The other day I was talking to the CEO of a tech company, expressing my frustration at the way scaremongering misinformation seems to have taken hold in relation to the way various child protection tools operate online.
We are talking about three types of tools:
PhotoDNA and similar detect known examples of child sex abuse material (csam). Every image in this category by definition is illegal and represents an egregious infringement of the right to privacy and human dignity of the child depicted.
The second are so-called “classifiers”. These flag images which are likely to be csam.
The third address grooming behaviour, that is to say behaviour which is likely to lead to a child being sexually abused.
In essence the misinformation circulating about each of these tools implies or expressly states they “scan” all private communications thereby creating the impression that, duplicitously and hiding behind the name of child protection, the police or the security services, the companies themselves, and goodness knows who else, are reading everything you send or receive as a message. Or they could, if that took their fancy.
The simple truth is if any illegal reading or examination of messages is taking place it has nothing whatsoever to do with any of the child protection tools I have mentioned.
Howsoever or wheresoever it originated the miasma of falsehood enveloping the child protection tools is proving to be astonishingly tenacious. Why?

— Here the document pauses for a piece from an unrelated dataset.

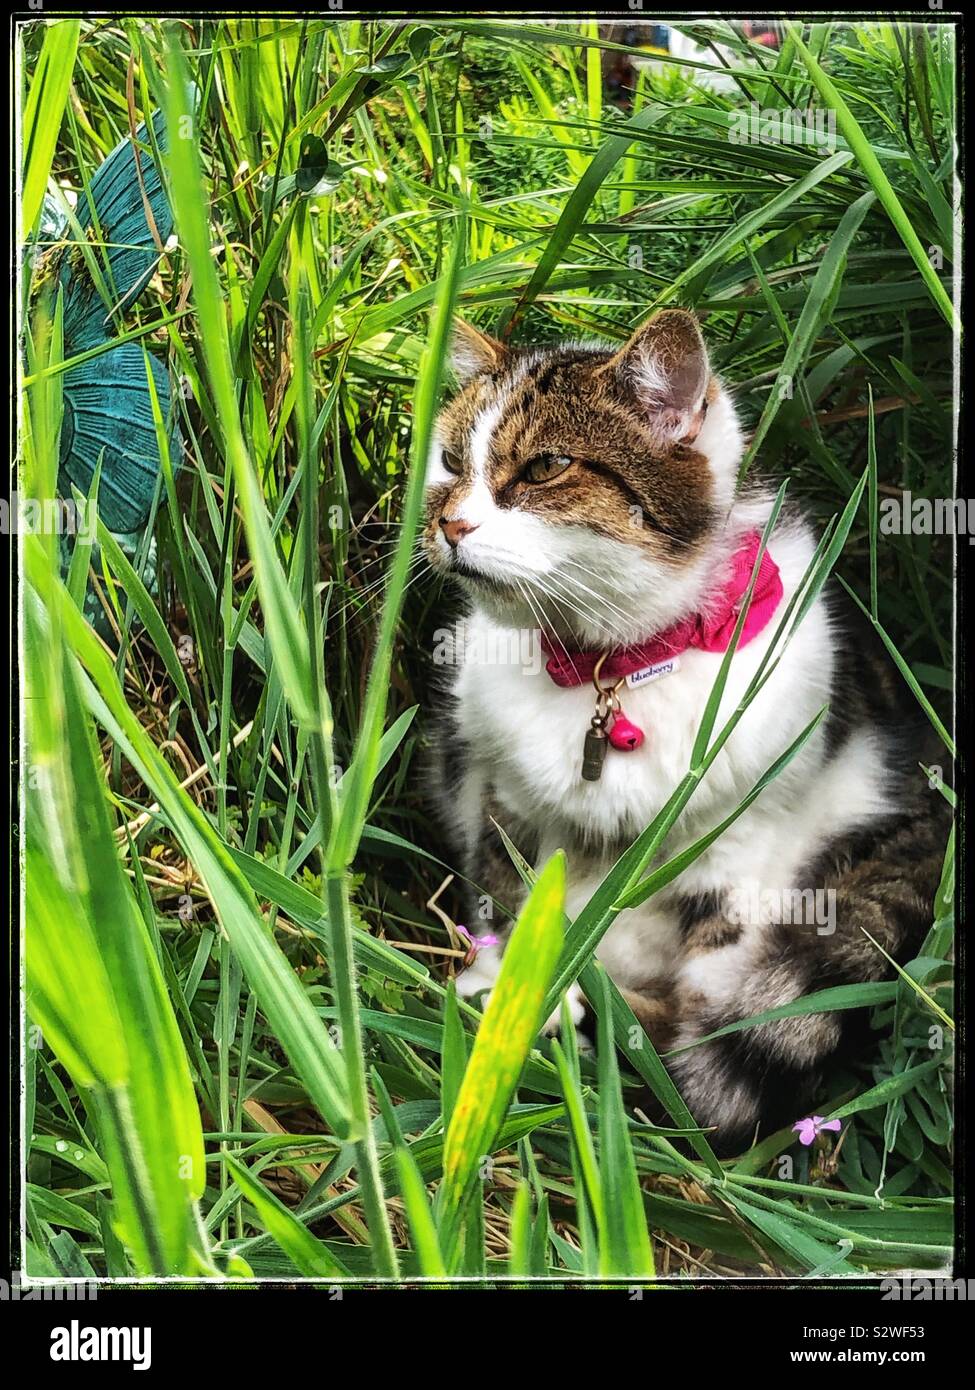 Cat in the jungle garden Stock Photo

Like many conspiracy theories and other lies that get read and repeated over the internet, the smokescreen of misinformation has been able to take hold because it exploits an underlying lack of trust in or suspicion of “them”. In this case “them” are some of the major actors in the drama: Big Tech, Governments, law enforcement and the security services.
But there is another set of actors playing an important role in this tragedy. I am referring to parts (stress parts) of the tech community and privacy activists who think each of the interests I listed are as bad as the others. Noblesse oblige they alone therefore have a self-proclaimed and claimed unique responsibility to look out for the rest of us.
Anyone who objects or takes a different view is pitied, marginalized or completely ignored because they obviously don’t understand the complexities of the issues. It’s a kind of techno evangelical paternalism. “Forgive them for they know not what they do.”
And those aeroplanes?
Back to my CEO. He compared the emergence of the internet with the emergence of international air travel. Aeroplanes were unquestionably a new and revolutionary technology that changed the world. Initially air travel was the preserve of a small, rich elite but as technology advanced and prices fell it became a global industry which in turn fed and helped create a whole number of others, not the least of which was tourism.
Then came a prolonged spate of terrorist hijackings. These destroyed consumer confidence in air safety. Tourism collapsed, planes were empty or did not fly. Relatively rapidly the world got together and agreed international standards and systems to make air travel safer. Did it stop all terrorist hijackings? No. But the new system of checks at airports self-evidently reduced the number of hijackings very substantially, and acted as a major reassurance to people waiting in line to catch a flight. Consumer confidence returned. Planes started going up again.
What was the magic ingredient that did the trick at airports and has now been extended to a great many public and other buildings around the world? Metal detectors.
Can they be fooled? Yes. Do they seem to work well enough? Yes. Does anyone feel their privacy is being invaded by having to pass their body or their bags through a detectorist arc or by having a wand passed over them? No. Can the wand or arc operatives see what, if any, underwear you have on? Can they make any other deductions or infer anything else from your movement, or your suitcase’s or briefcase’s movement, past or through the detector? No.
Yet that’s exactly how the child protection tools work. They look for something which says “metal is present take a closer look.” Nothing more. Nothing less. If the bleeper bleeps someone opens the potentially offending item. If no threats to children are found everything carries on as before and as intended. The idea that you only use a metal detector if a suspect comes into your building or your airport is absurd.
The challenge is how do we convince people that what I have described is the case? The even larger challenge is how do we create systems of accountability and transparency which will give all stakeholders – and here we must include parents and children- the confidence that that is all that is happening. Nothing more. Nothing less.